Mais en réalité, cette concurrence inter-disciplinaire, par-là inter-individuelle, se double d’un niveau supplémentaire, dès lors que l’on considère la réforme de « Parcoursup », plateforme d’admission des élèves dans l’enseignement supérieur, cette fois davantage à destination des élèves, qui vient compléter la cohérence du régime d’enseignement en quelques années seulement, cohérence au vrai déjà bien réalisée, mais largement renforcée par cette séquence où, pour résumer, la concurrence aura été au cœur de trois réformes successives : dans le rapport inter-disciplinaire avec la réforme du lycée, dans le rapport des élèves avec le supérieur avec la réforme de Parcoursup, ainsi que dans les contenus d’enseignement pour le cas spécifique des SES.

Revenant aux SES, on signalera la percussion du régime disciplinaire des SES avec ce régime d’enseignement. Pour la discipline SES, la concurrence est tout particulièrement franche avec l’Histoire-Géographie (HG). On le comprend aisément : la concurrence est d’autant plus forte que les disciplines sont substantiellement « proches ». Mais il y a une raison plus profonde, qui tient justement à cette tendance très marquée du régime de SES qu’est la dépolitisation. Il faut ici préciser que la dépolitisation visait avant toute chose la dépolitisation de l’économie, advenue dans sa forme pure de « science économique ». Sauf que le compromis qui a permis cette dépolitisation de l’économie avait comme contrepartie tacite la création d’une place dédiée à « la politique ». Dans un premier mouvement, elle a été associée à la sociologie – constat valable pour les programmes (dans les années 2000) mais aussi dans l’ajustement de la pratique lui-même, comme l’observe pertinemment Carine, enseignante quarantenaire en Gironde : « je pense que ce serait plutôt une stratégie volontaire ou involontaire des enseignants, qui réinvestissent là où ils peuvent la dimension critique ». L’aboutissement de ce mouvement, c’est la création finale, avec la réforme de 2019, d’une section spécifique dans les programmes réservée à la « science politique ». Or « la politique », progressivement autonomisée comme une excroissance endogène du régime contemporain de SES – mais réintégrée dans la grammaire même de ce régime, car là encore subordonnée à la science –, va se trouver en porte-à-faux entre deux disciplines, avec la création d’un enseignement spécifique : l’Histoire-Géographie-Géopolitique-Sciences-Politiques (HGGSP). De disciplines sœurs dans la filière ES, SES et HG deviennent rivales, comme le note Boris, jeune titulaire dans les Bouches-du-Rhône : « Moi je le constate avec l’Histoire-Géographie, où on était avant la réforme plutôt solidaires […] Là maintenant, on est un peu… pas en opposition mais y’a un peu cette compétition pour certains projets professionnels et d’accès à des études supérieures, avec HGGSP ». Compétition feutrée dans certains cas, conflit ouvert dans d’autres : Carine raconte qu’une de ses collègues (de SES) est accusée par d’autres (d’HG) de « leur voler des heures », puis avoue que certains enseignants de son lycée « ne (lui) parlent plus… ».

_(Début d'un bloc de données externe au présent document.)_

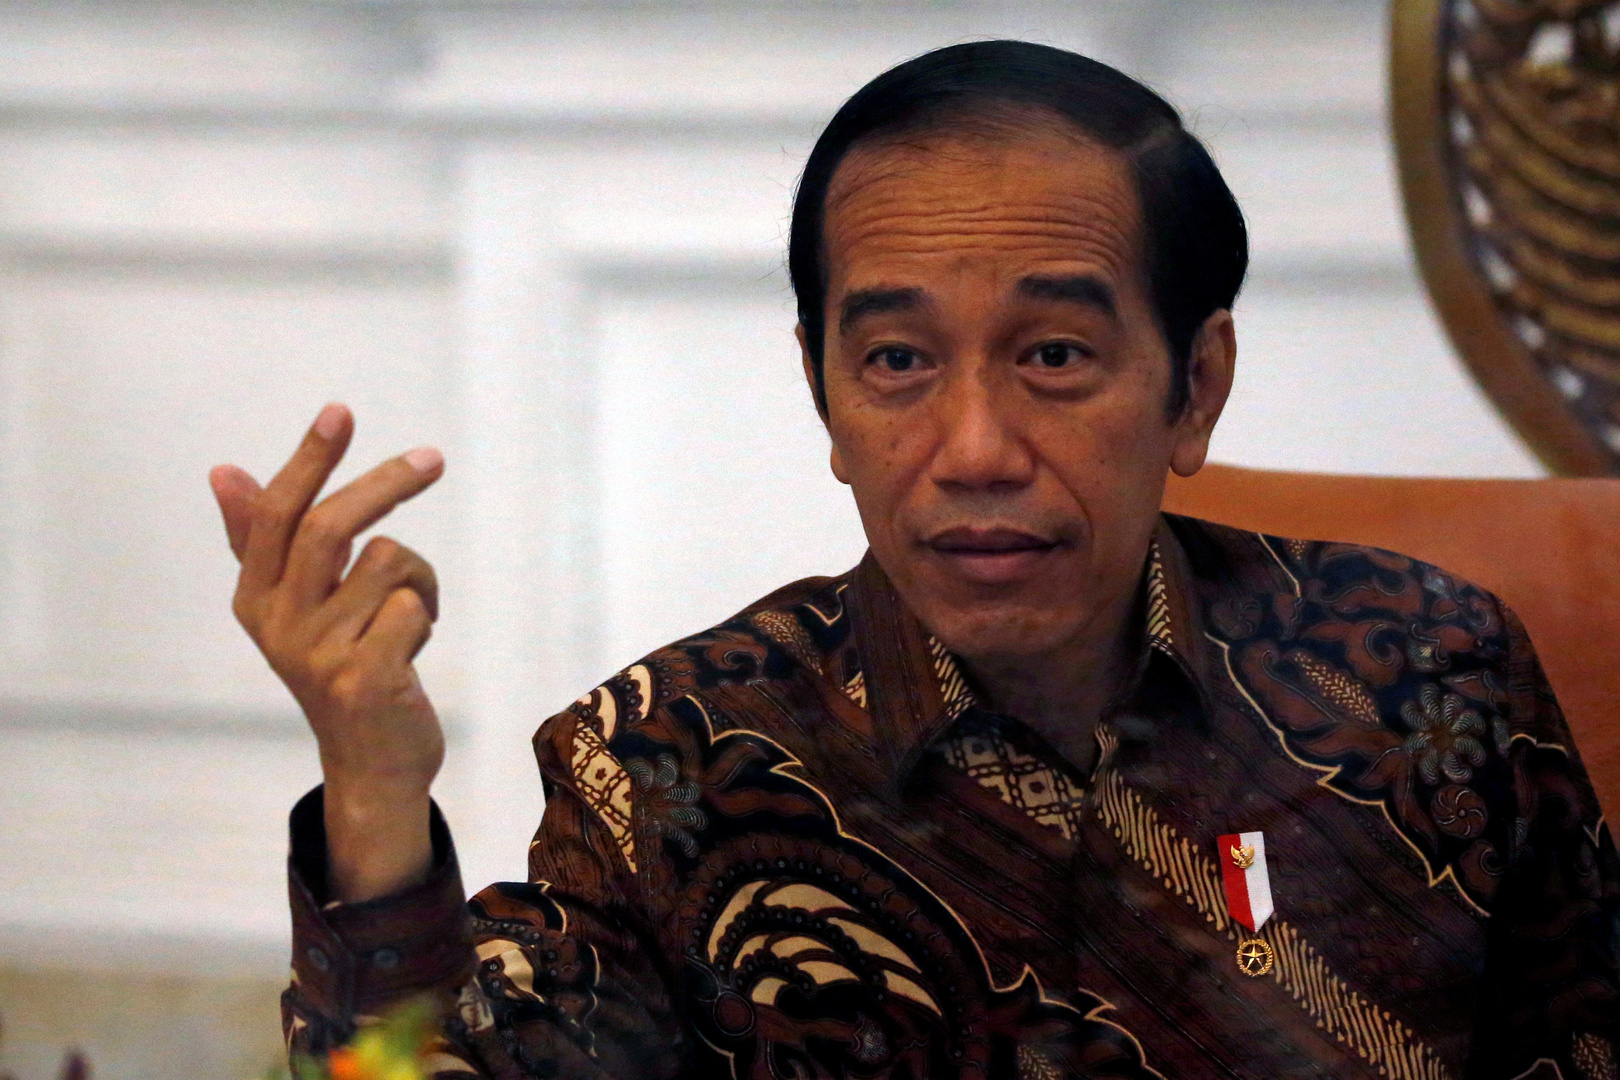 رئيس إندونيسيا يدعو لفرض قيود على التنقل في عدة مناطق لمكافحة كورونا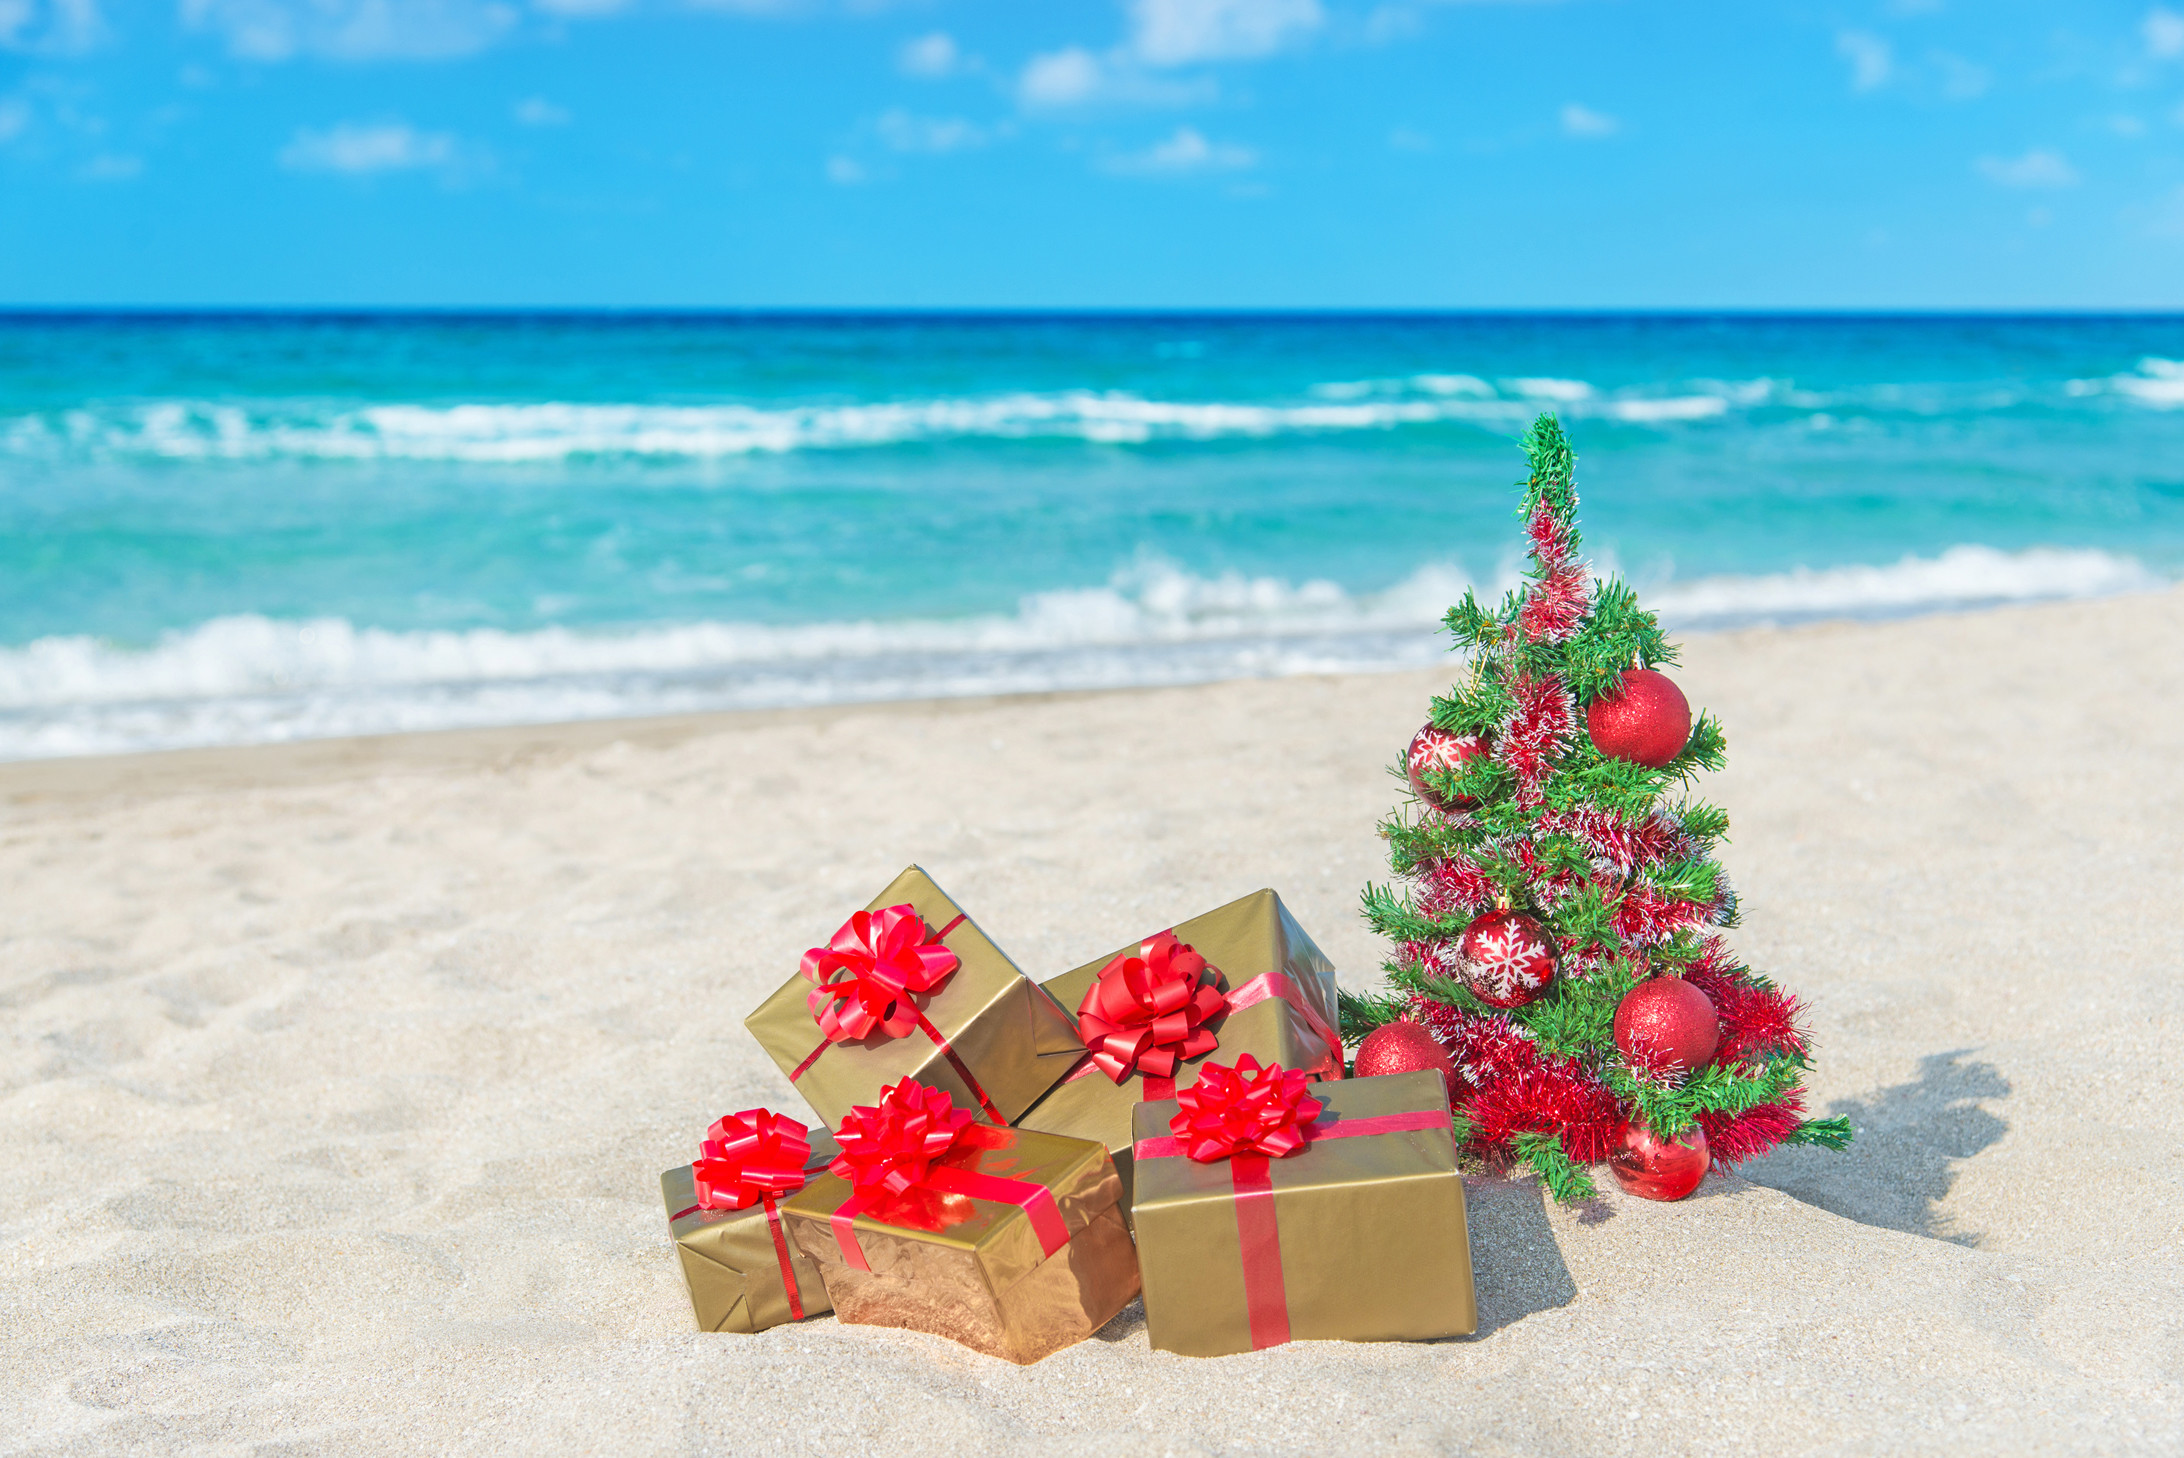 navidad playa fondo de pantalla,decoración navideña,vacaciones,verano,playa,planta

La désaffection et ses projections

Sous le régime d’enseignement contemporain, la concurrence est la condition généralisée de toutes les disciplines, dans la mesure où toutes (ou presque) sont de près ou de loin concernées par les choix d’enseignement de spécialité. Dans cette mesure précisément, on peut conjecturer que cet aspect de l’expérience enseignante actuelle, dont il faut dire qu’il a été abondamment mentionné lors de tous les entretiens, est grossièrement généralisable à l’ensemble des disciplines enseignées dans le lycée général.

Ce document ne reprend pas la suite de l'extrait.